Motivation is a key strategy in human resource management which has direct results in operating capability and utilizing organization’s manpower to their full capacity by concentrating on motivation to attract quality and good applicants to join the organization and to retain existing personnel (Snell &Bohlander, 2013). The majority of organizations, use monetary and non-monetary reword system to motive their people (Harunavamwe&Kanengoni, 2013)
Each person is motivated by different things and it is important to know how they are motivated in order to direct motivation towards the realization of organizational goals (Rabideau, 2005). Reviewing the theories of motivation helps us to understand what drives people to initiate action and to engage in certain practices in the workplace
Types of Motivation
There are two main types of motivational classification is available as intrinsic and extrinsic. Intrinsic refers to inner drive to motivation that comes from inside a person rather than from any other rewards, such as money or grades. If a person intrinsically motivated then he/she will be able to work find a solution to the prevailing problems and take that opportunity as a challenge with pleasure mentality. Since a person is intrinsically motivated then it’s easy for organisations to drive him/her towards achieving goals and objectives. Meanwhile extrinsic motivation refers the vice versa of the previous concept where the motivation coming from outside of a person (Schneider, 2012).
Figure 2 .1 – Combination of intrinsic and extrinsic motivation with personal and interpersonal attractions This figure illustrates the combination of intrinsic and extrinsic motivation with personal and interpersonal attraction (Schneider, 2012).
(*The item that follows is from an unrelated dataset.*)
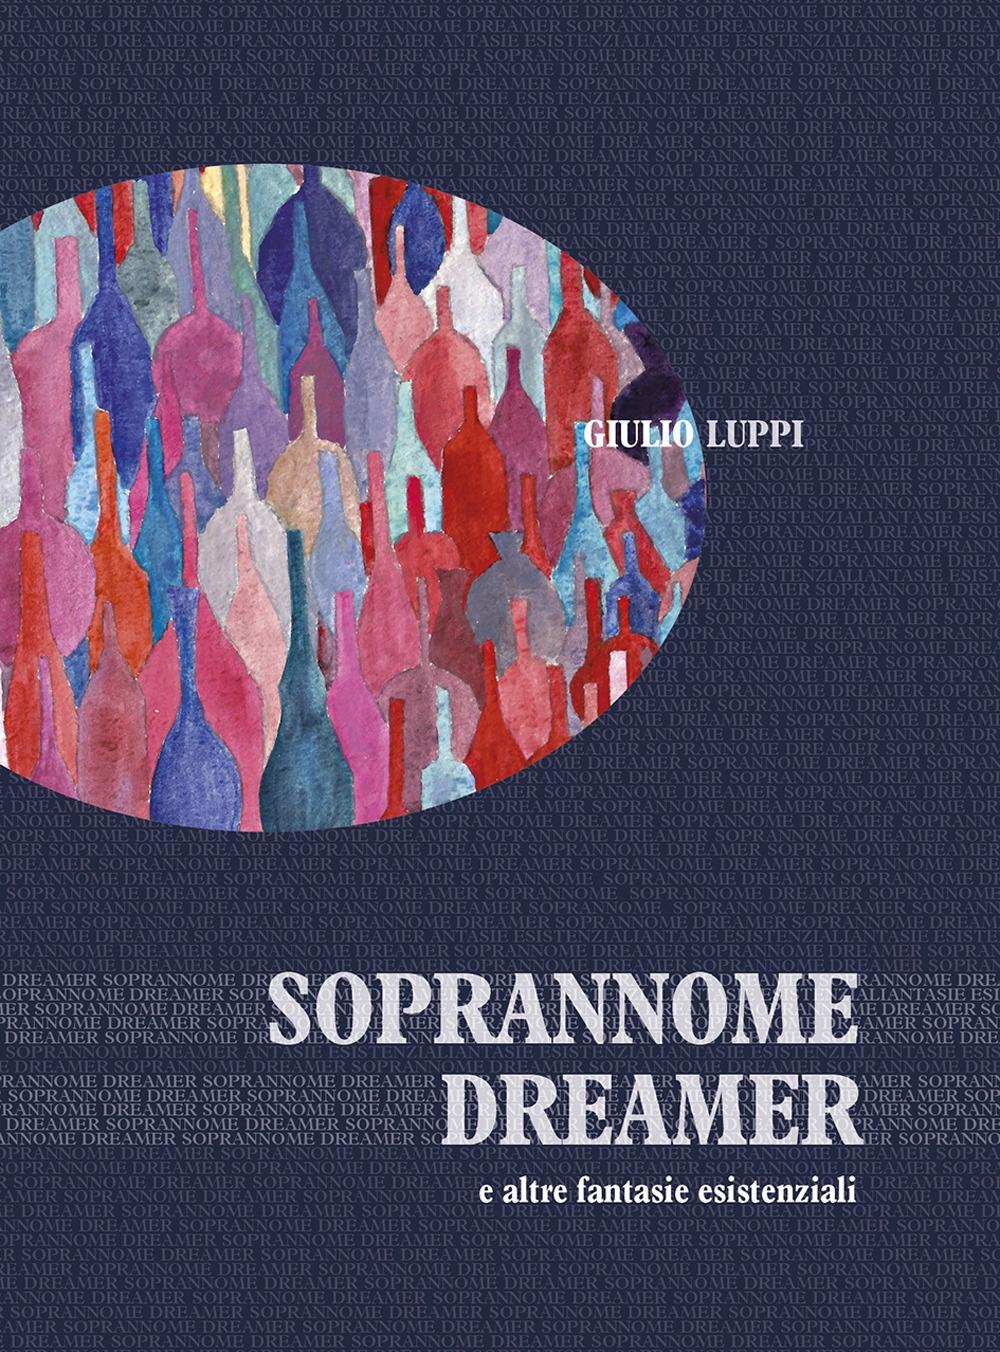 Soprannome dreamer e altre fantasie esistenziali

In the intrinsic cage, personal satisfaction is vital with social interaction where according to the Herzberg Dual Factor theory this is more tending to motivational factors in which contributes to positive mental and health conditions such as achievement, recognition of achievement, work itself, responsibility, advancement, etc. with higher job satisfaction of the need for psychological growth.
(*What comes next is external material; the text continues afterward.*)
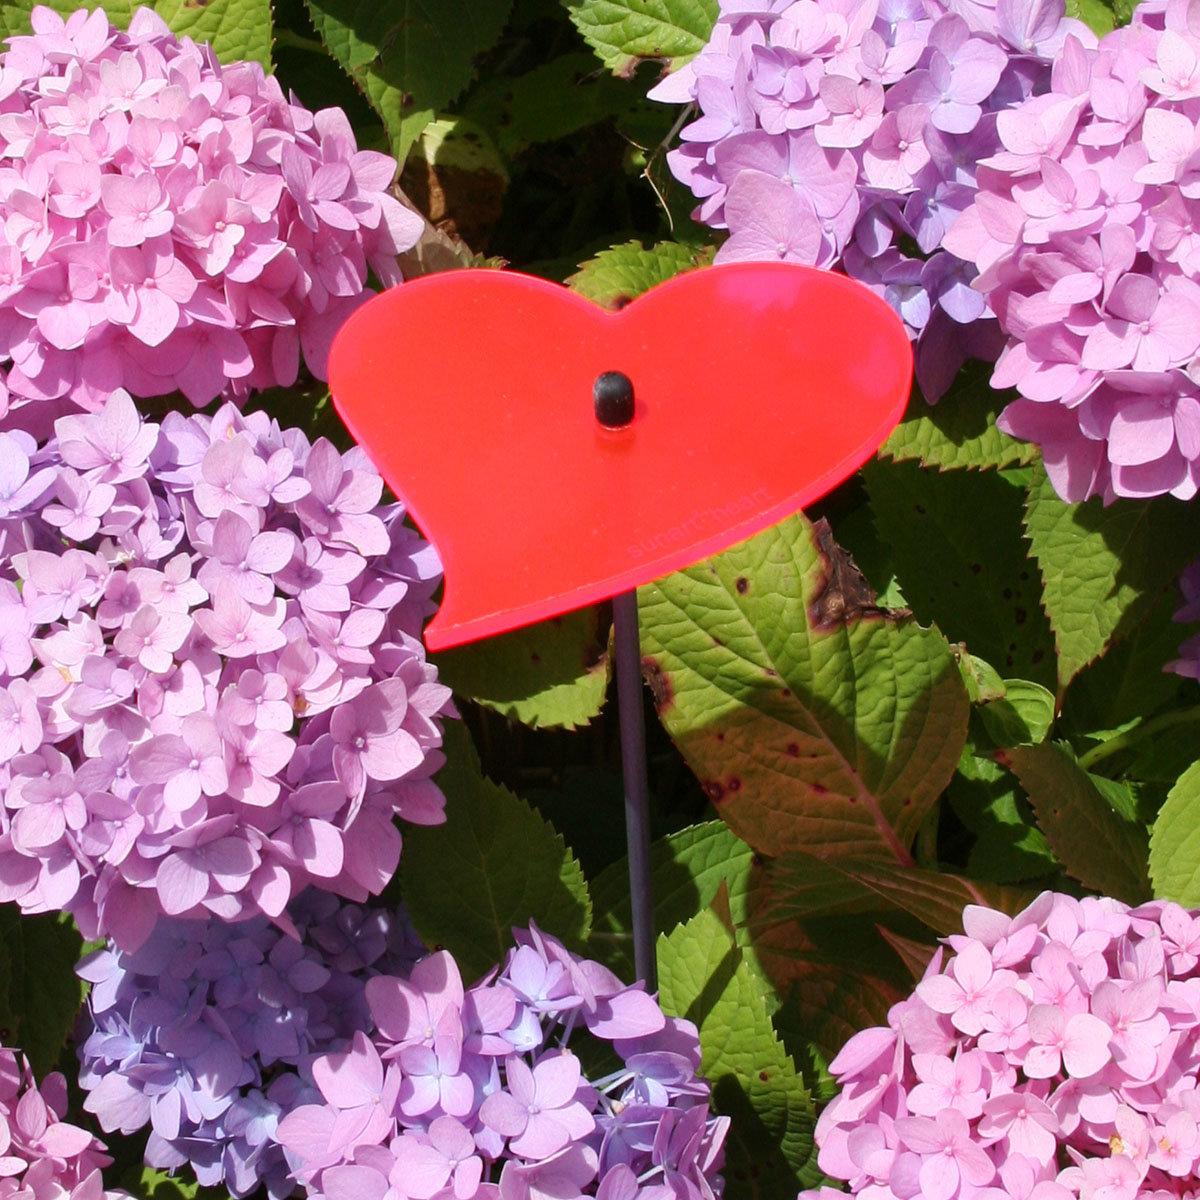 sunart® Acrylglas Lichtfänger Herz, rot

In extrinsic part of the 16 above figure examines personal rewards, public recognition as the main aspects where it is more related to hygiene factors provided due to job dissatisfaction (Schneider, 2012).
KEY MOTIVATION TECHNIQUES
Company policies and administration, interpersonal relations, supervision, working conditions, salaries, status, security, etc. will provide personal rewards as well as public recognition (Nelson & Quick, 2013). Lin (2007) identified that motivation is a drive for knowledge sharing where intrinsic and extrinsic components are there for knowledge sharing as well. Employees extrinsic knowledge sharing is highly depending on their perception and the value association with it. Where people assess the value based on cost benefit analysis in which rewards are seen as benefits and effort of exchanging knowledge is seen as a cost. But when it comes to intrinsic component of it is the satisfaction, acquiring of new knowledge, exchange of ideas with people, etc. which are work as triggers for motivation.